俳優として、監督して悩み続けた最新作

――音楽活動に関してはインドネシアを拠点にされていますが、それはなぜでしょうか?

 台湾に拠点を移したときに、台湾のミュージックシーンが中華圏でかなり影響力があることは現地で体感していました。でも、インドネシアのミュージックシーンのほうがかきたてられるものがあるんです。インドネシアは、国の成り立ちも多民族の幅も、他の国とはどこか違う。オランダの植民地だったので、ヨーロッパの影響も大きいし、華僑も多いし、パキスタンやヒンドゥー系のカルチャーも強い。そういう要素が、音楽ビジネスが発達している・していないとは別の意味で、音楽にも表れているんです。ロンドンやニューヨークのアンダーグランドカルチャーがパンクやラップで発展していったように、現にジャカルタのコタ地区ではファンコットというジャンルが生まれています。アメリカ国籍を持つ華僑系のインドネシア人のプロデューサーと知り合ったことで、そういうことにいろいろ気づかされたんです。

――最新作『I am ICHIHASHI ~逮捕されるまで~』では主演のほか、主題歌を担当。さらには監督にも初挑戦されました。海外で活動されていることもあり、当初この事件のことは知らなかったんですよね。
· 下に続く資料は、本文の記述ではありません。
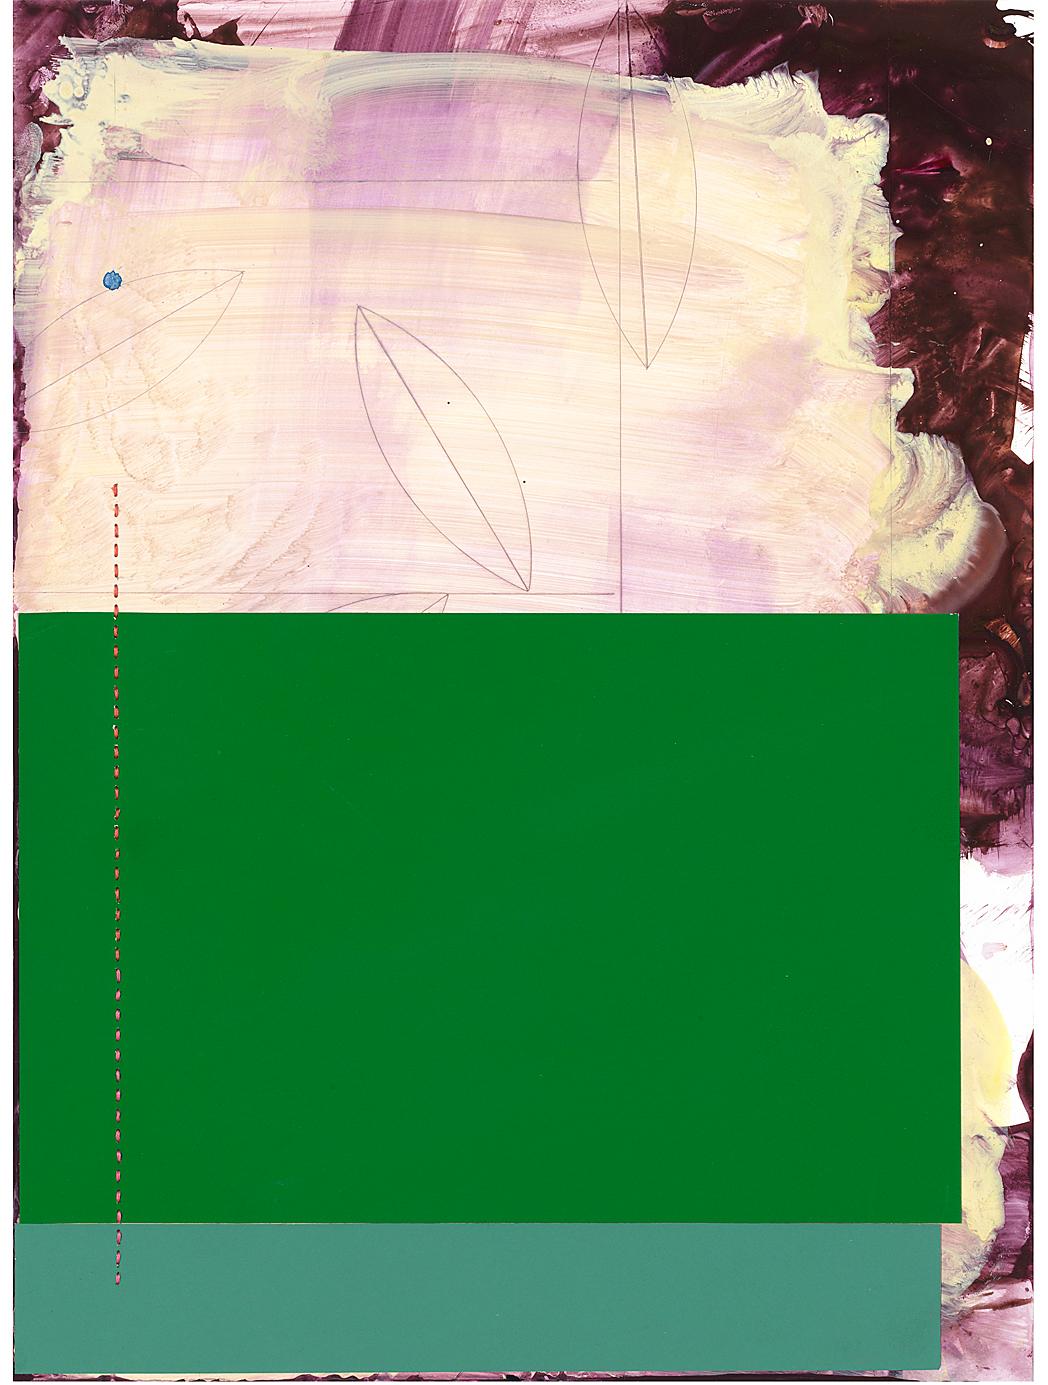 Paperwork, o.T., mixed media, 33 x 25 cm

 そうですね、日本での初仕事でこの映画の主演の話をいただいたのですが、事件のことをリアルタイムでは知らなかったので、主役を演じる身として事件をゼロから調べていくうちに、自分が離れていた日本でこのような事件が起こっていることに疑問をたくさん持ったんです。現代人に潜む現実逃避、責任回避の問題の大きさを含む市橋の心の闇は、現代人だれにも通じるところがある。それをこの事件が「他の事件よりも明確に」表わしていると思いました。そんな中、映画のプロデューサーから犯人と同世代で海外で生活をして、世界の色々な問題を肌で感じてきた人間として、この作品を監督してほしいというオファーを受けました。だからこそ色々な問題やリスクがあっても監督をして、自分の目でもう一度見つめ直したいと思う気持ちが出てきました。自分のキャリアにリスクがある可能性が強くても、二度とこのような事件が起こらない社会にする為にもこの事件に向き合い、映画としてメッセージを伝えたかったんです。

――初監督の感想はいかがですか?

 これまでいろんな監督と組んできた中で、自分のいちばんいいものを見定めてくれる存在だと信じているマク監督に監督補に入ってもらえたのはうれしかったですね。彼女とまた仕事ができたことがうれしい。僕は俳優としては経験があっても、映画制作に関してはまったくの素人。そこをサポートしてくれた日本の優秀なスタッフにも感謝したいですね。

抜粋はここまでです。